Speed Thrills : CGI Please ... and Fast!
CGI Programming Made (Relatively) Easy Using Libraries
Server-Side Includes and its Extensions
Random and Recursive Crypting using Salt on Unix and Win32
Creating a mailing list using Perl
Reading and Writing to Files on the Server
You are here: irt.org | Articles | CGI & Perl | CGI - Server Side Processing of Form Data [ previous next ]
Published on: Sunday 7th June 1998 By: Jason Nugent
After a brief hiatus into the world of style sheets, I have returned to the planet of CGI. In the last CGI article, we looked at, among other things, how the browser encodes data so that it can be sent across the internet to your server. We also looked briefly at the simplest of Perl scripts in order to get familiar with the language. In this article, I will detail the steps required to extract the information that is sent to your CGI program. The article is fairly Perl intensive, but hopefully the examples will make it easy enough to follow.
Just to recap, GET and POST are the two methods in which a browser can send data to the server. GET encodes the data and then appends it to the end of the URL. Typically, these URLs look like this:
http://www.server.com/cgi-bin/script.pl?item1=Jason&item2=Nugent
In which each name/value pair of the form is joined together with an equal sign, and then each pair of information is separated with an ampersand. Also, remember that any special characters present in this url which might not normally be allowed (like spaces, slashes, and tildes) are hexadecimally encoded.
With POST, any form name/value pairs are sent to the browser AFTER the rest of the response headers have been sent. The content of your form does not get appended to the URL like it does with the GET method, but rather it is sent to the script via standard input (STDIN). Knowing which method used is the first key step in acquiring the data sent from your form to your cgi program.
Perl has a number (quite a few, actually) of environmental variables that are set when a CGI program is run. The values that these variables get set to depend greatly on the environment in which the CGI program is called, and you can use these values to greatly enhance your Perl script. First, however, lets take a look at the data structures used in Perl.
The three that are most commonly used are scalars, arrays of scalars, and associative arrays of scalars, or hashes.
Scalars can store a single piece of information and take on the form
$variable_name
where variable_name is the name of the variable.
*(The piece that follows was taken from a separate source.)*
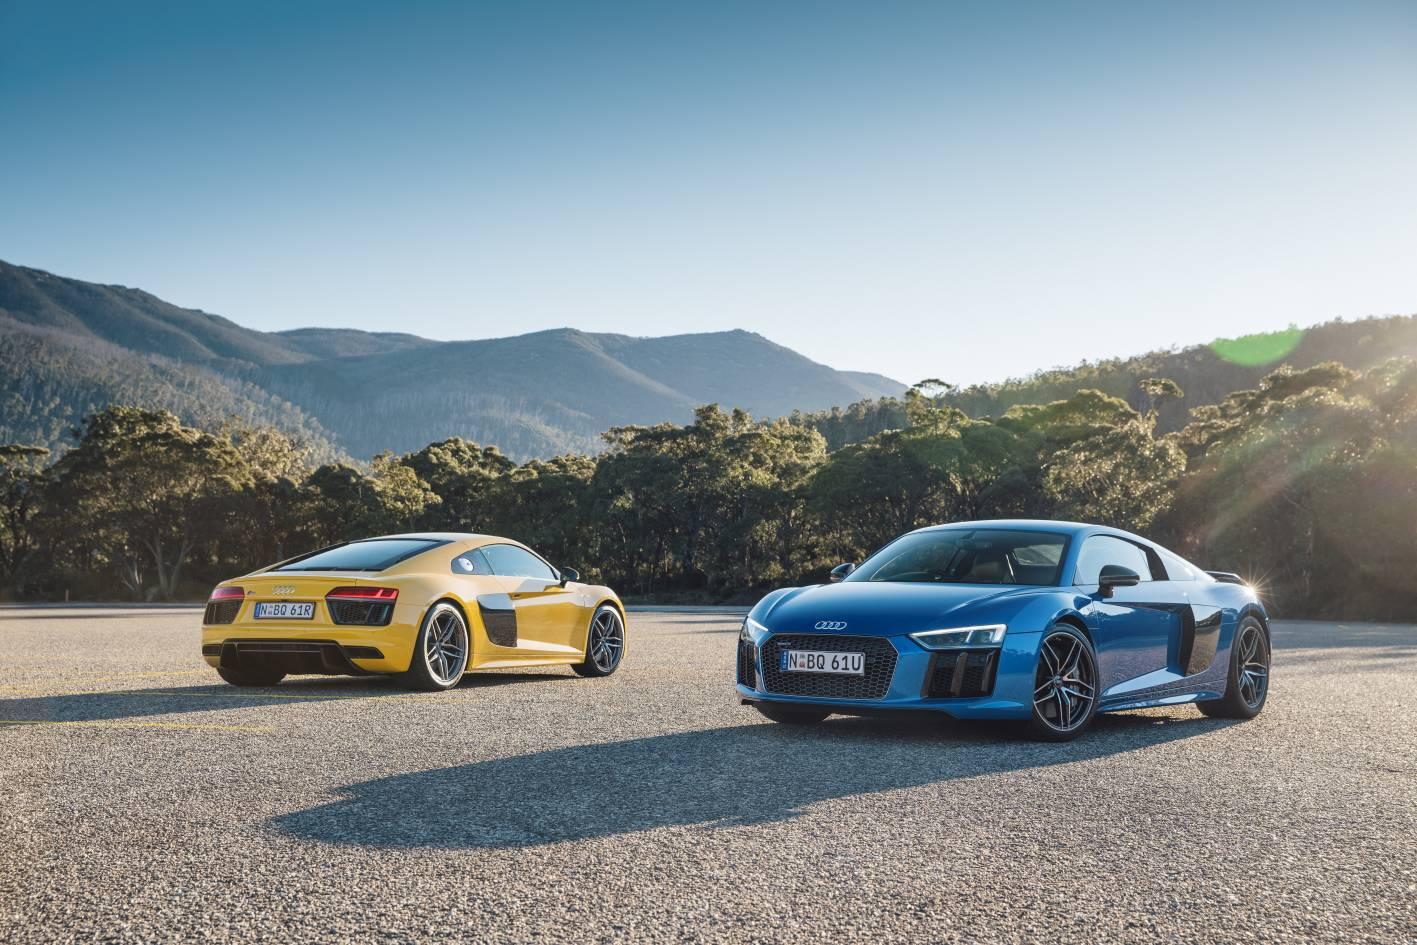 2016 audi r8 v10 and v10 plus coupe arrives in australia

Variable names are case sensitive, so $my_variable and $MY_variable are two different variables. It is usually good practice to keep all your variable names lowercase, which prevents the possibility of future name collisions when new special keywords are added to Perl. The developers of Perl have decided that all new keywords will be uppercase, so if you consistently use lowercase you should have no problem.
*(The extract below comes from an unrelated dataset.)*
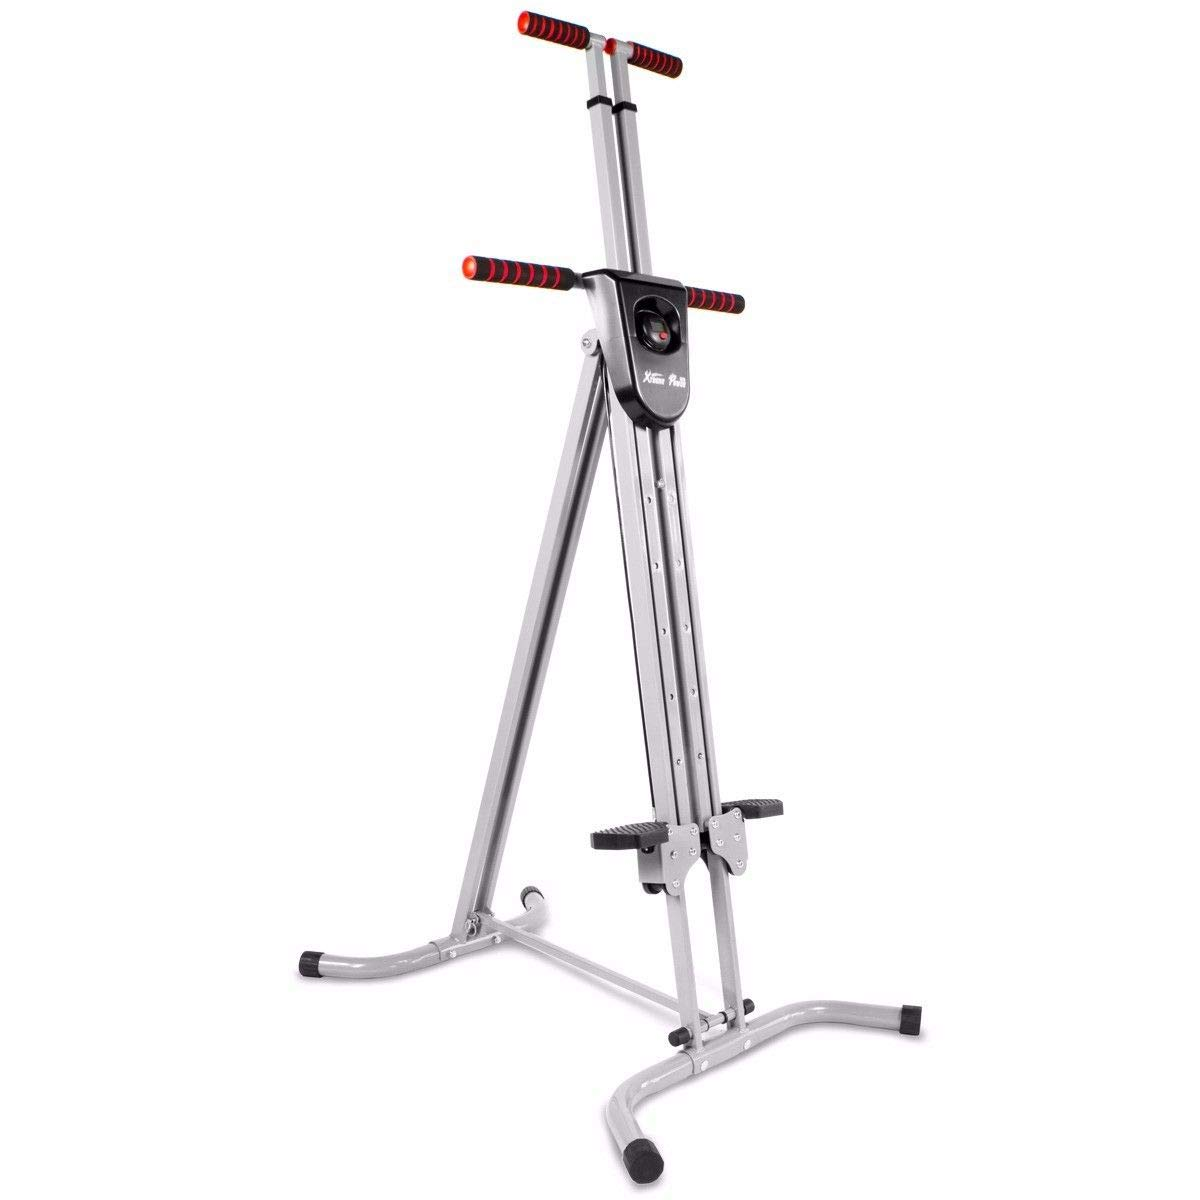 XtremepowerUS Vertical Climber Fitness Cardio Exercise Machine by XtremepowerUS (Image #3)

There are no restrictions as to what you can store in a variable.
$var = "This is my variable"; $var = "This string has numbers in it! 2452"; $var = 5; # note that you don't need to put numbers in quotes
The second type of variable is an array. Arrays are very similar to arrays in JavaScript, in the sense that you can store many different pieces of information in them and reference a specific one using a numeric index. Unlike scalars, array variable names begin with an "@" symbol. The following line creates an array which holds two pieces of information:
@array = ('This is some text', 'This is some more text');
Arrays begin counting from zero, so to get access to the first cell of this array, the following notation would be used:
print $array[0]; # prints 'This is some text'
Notice that a cell in an array is referenced using a $, not a @. This is because each cell of an array is in fact a regular scalar variable. To say @array[0] is incorrect.
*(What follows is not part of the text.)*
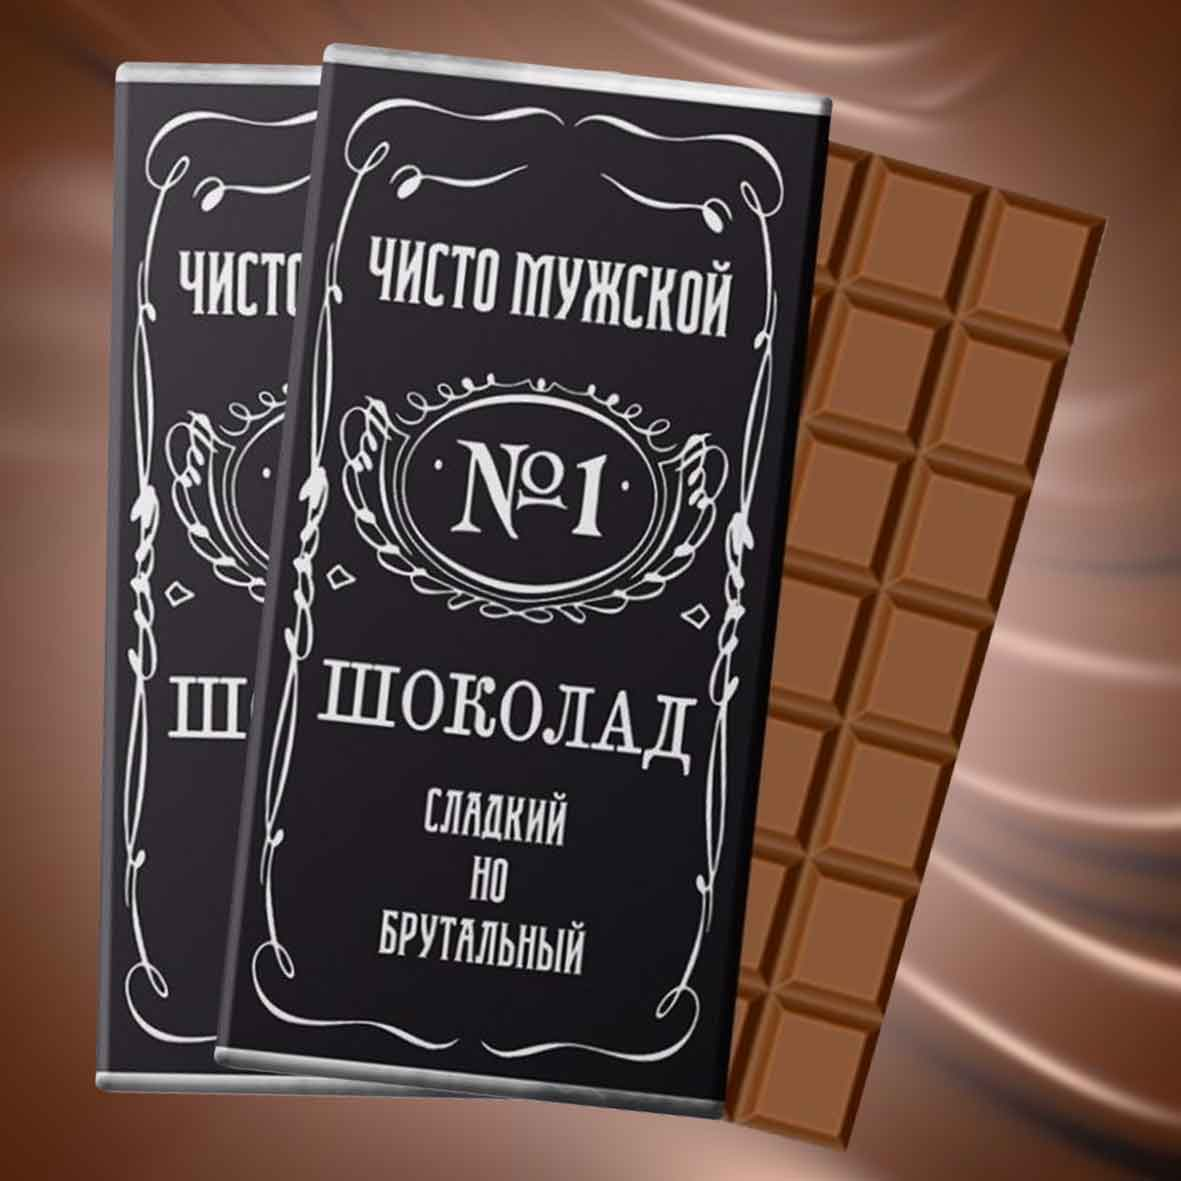 Красивая обертка шоколадки hand-made

The last type of data structure is an associative array, or hash. I like to use the word 'hash' because it is easier to type. Seriously. Hashes are a lot like arrays of scalars in the sense that they also contain scalar variables, but they are not indexed with numbers. Hashes are referenced using key strings. A hash is referenced not with a $ or a @, but with a %. So, the following is a valid hash name:
%hash_name;
Note that scalars, arrays of scalars, and hashes all exist in separate namespaces, which means that you can use the same variable name for all three. The following is valid:
$variable; @variable; %variable;
Although, for obvious reasons, it is not recommended. It is better to keep things separate and avoid the confusion.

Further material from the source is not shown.